Solzhenitsyn Rebuffed by Gorbachev on Slav Union
MOSCOW — President Mikhail S. Gorbachev today rejected exiled writer Alexander Solzhenitsyn’s recent proposals for replacing the Soviet Union with an all-Slavic state as disrespectful to other ethnic groups.
In his first public remarks on Solzhenitsyn’s suggestions, the 59-year-old Soviet leader said they are unacceptable and sharply conflict with his own views on how to restructure relations between the 15 Soviet republics.
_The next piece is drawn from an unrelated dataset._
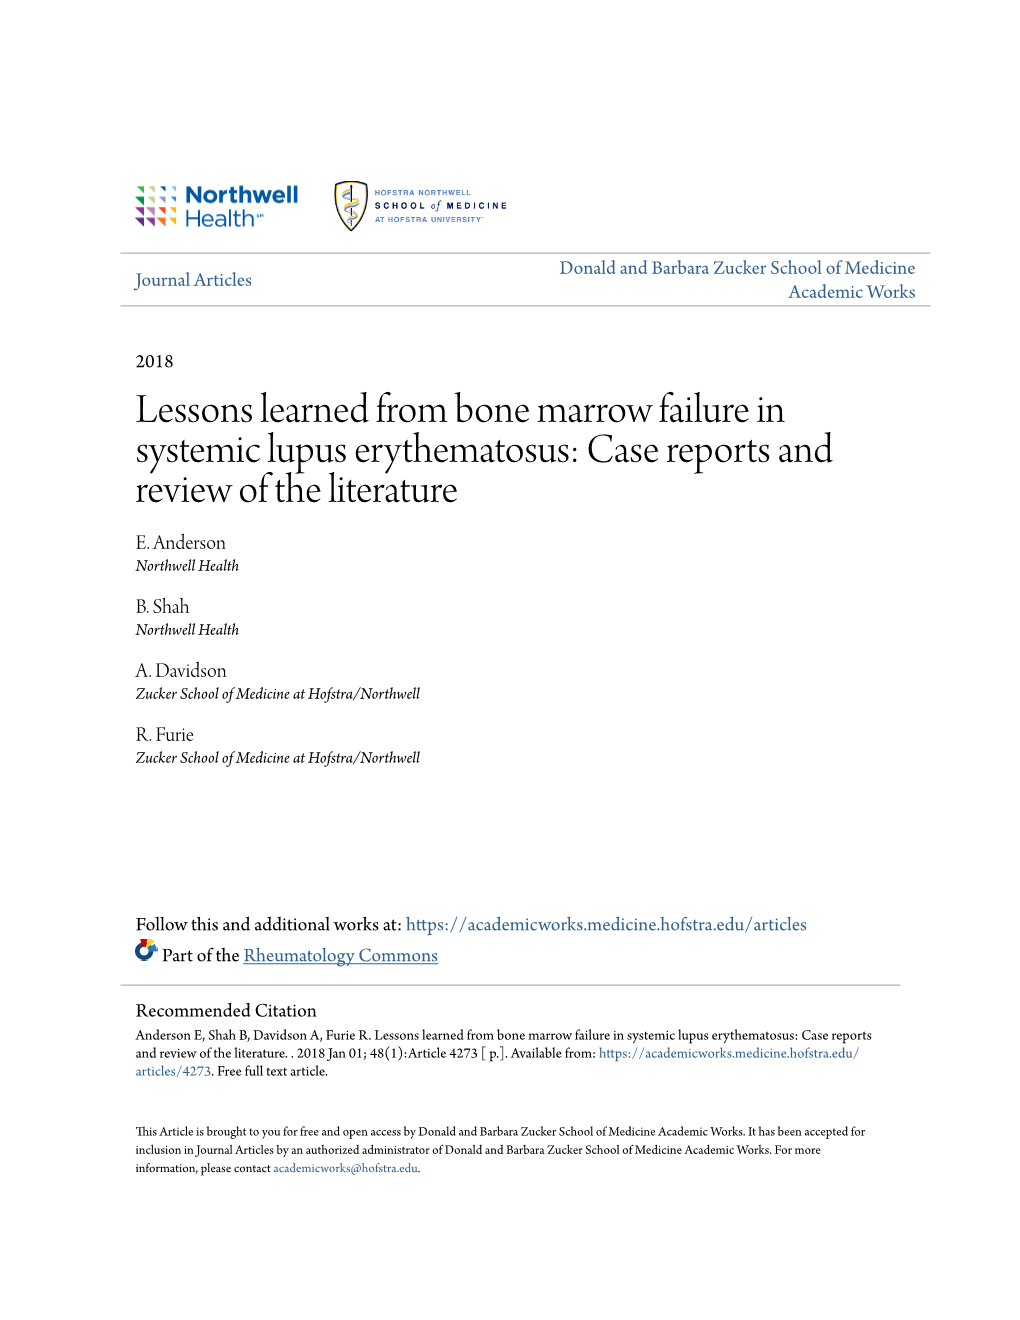 Lessons Learned from Bone Marrow Failure in Systemic Lupus Erythematosus: Case Reports and Review of the Literature E

“As a politician, his views on the future of our multinational state are unacceptable,” Gorbachev told the Supreme Soviet legislature. “They are far from reality. . . . These views have a destructive character.”
Gorbachev’s remarks put him into a competition with Solzhenitsyn, a Nobel laureate, for the hearts and minds of the Russian people and underscored the writer’s increasing importance. Solzhenitsyn, who lives in Cavendish, Vt., described life in Soviet prison camps in such acclaimed works as “One Day in the Life of Ivan Denisovich,” and “The Gulag Archipelago.”
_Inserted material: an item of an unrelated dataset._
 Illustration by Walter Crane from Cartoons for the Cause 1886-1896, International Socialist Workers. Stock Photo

In his article, which appeared Sept. 18 in the reformist newspaper Komsomolskaya Pravda, Solzhenitsyn, 71, called for spirituality over materialism and a unified Slavic nation.
Solzhenitsyn suggested forming a “Russian Union,” which would include the republics of Russia, Byelorussia and the Ukraine. A large part of Kazakhstan would also be included. The 12 other Soviet republics, including the rest of Kazakhstan, have different cultures and should be allowed to secede, he said.
Gorbachev said Solzhenitsyn’s political views are “all in the past, the past Russia, the czarist monarchy.”